SIGNS and omens have a central role in Jammu and Kashmir's mystic Sufi culture. As Prime Minister Atal Bihari Vajpayee met General Pervez Musharraf in Islamabad, the sun was shining down on the Valley at the peak of winter. Musharraf's commitment to down the shutters on the state-run jehad that he has nurtured for so many years, has opened up, for the first time in decades, the prospect of a negotiated peace in Jammu and Kashmir. However, very real dangers lie ahead, not the least of which is the shared aspiration of Pakistan's military and the Hindu Right for a communal partition of the State. Yet, the fact remains that the terms of engagement between the two countries have been profoundly altered. Pakistan now needs the kind of influence commanded by politicians, not Kalashnikovs. Faced with the prospect of having to secure its objectives in Jammu and Kashmir without a jehadi army, Pakistan's military establishment is seeking to engage with transfigured times.

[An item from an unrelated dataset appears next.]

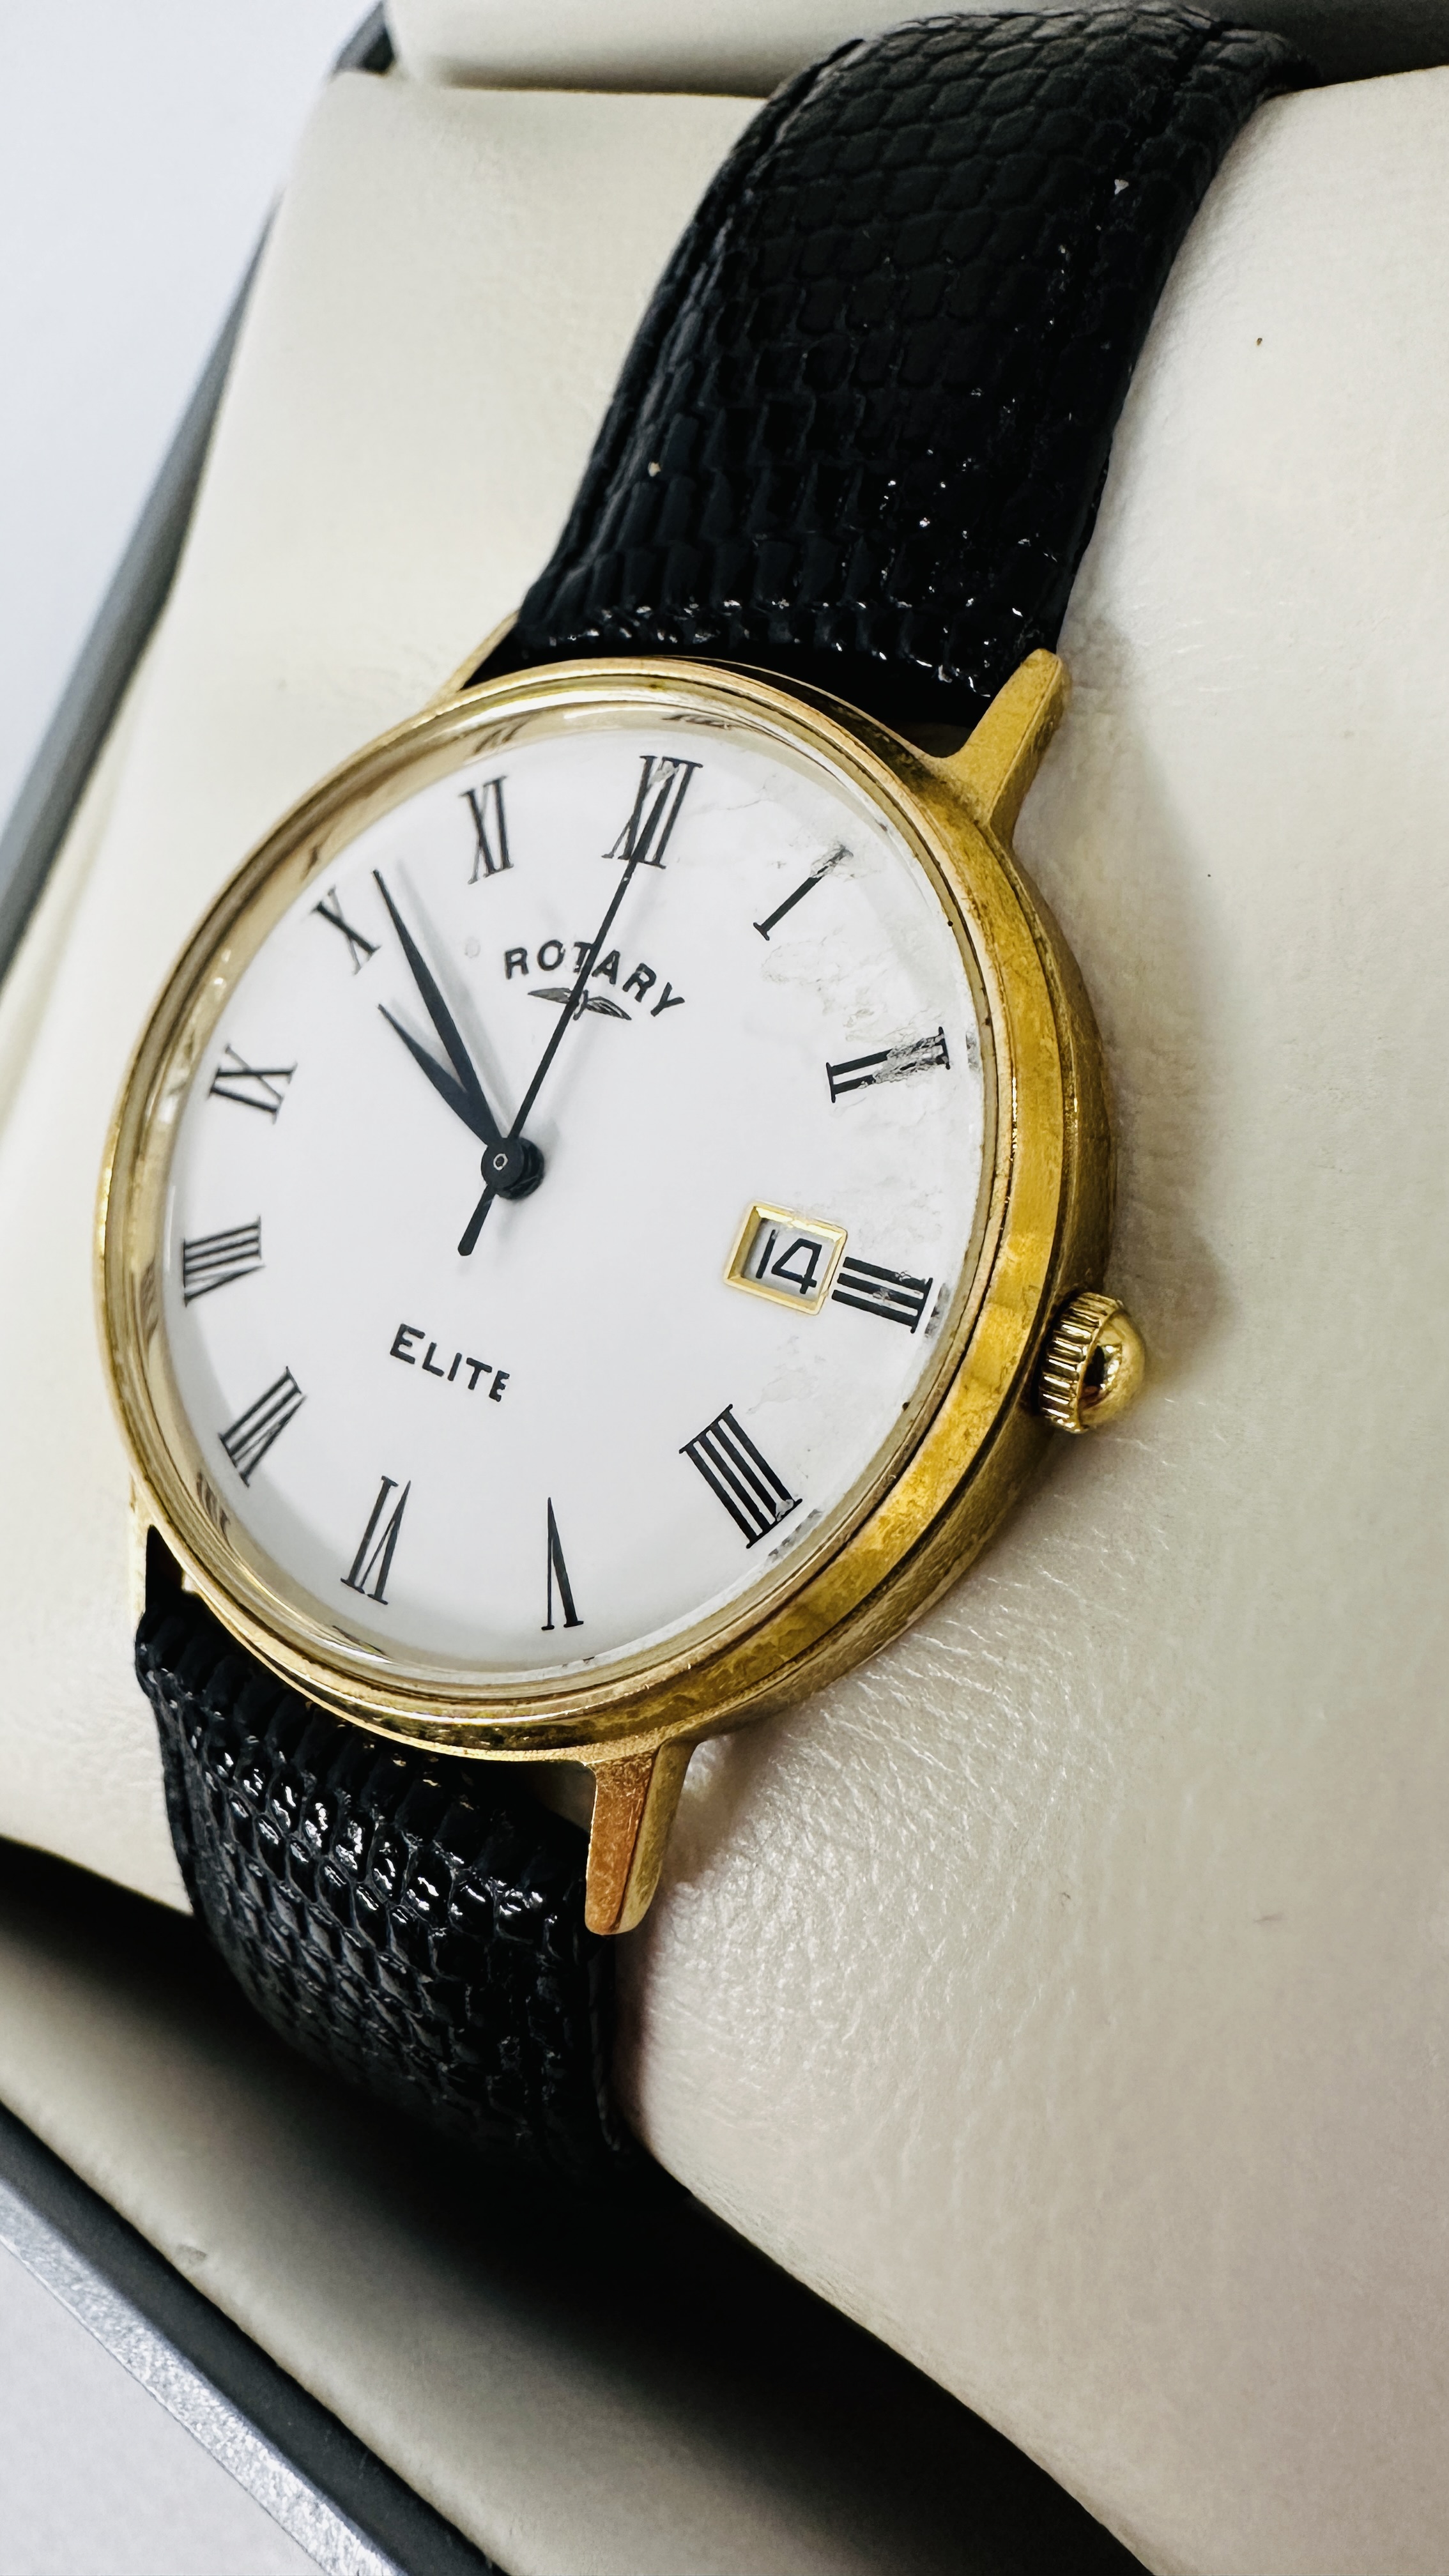 A GENT'S ROTARY ELITE 9CT GOLD CASED WRIST WATCH ON A BLACK LEATHER STRAP (BOXED). - Image 4 of 7

In the next few days or weeks, All Parties Hurriyat Conference (APHC) chairman Maulvi Abbas Ansari ought to receive a sparsely worded invitation to hold direct talks with Deputy Prime Minister L.K. Advani. Opinion is divided within the APHC on whether it should seek clarifications on the terms of reference of the proposed talks before visiting New Delhi. But few people doubt that a dialogue will begin sooner rather than later. No one, including the APHC, expects a rapid breakthrough, but the fact that talks are taking place at all will put considerable pressure on terrorist groups to hold their fire.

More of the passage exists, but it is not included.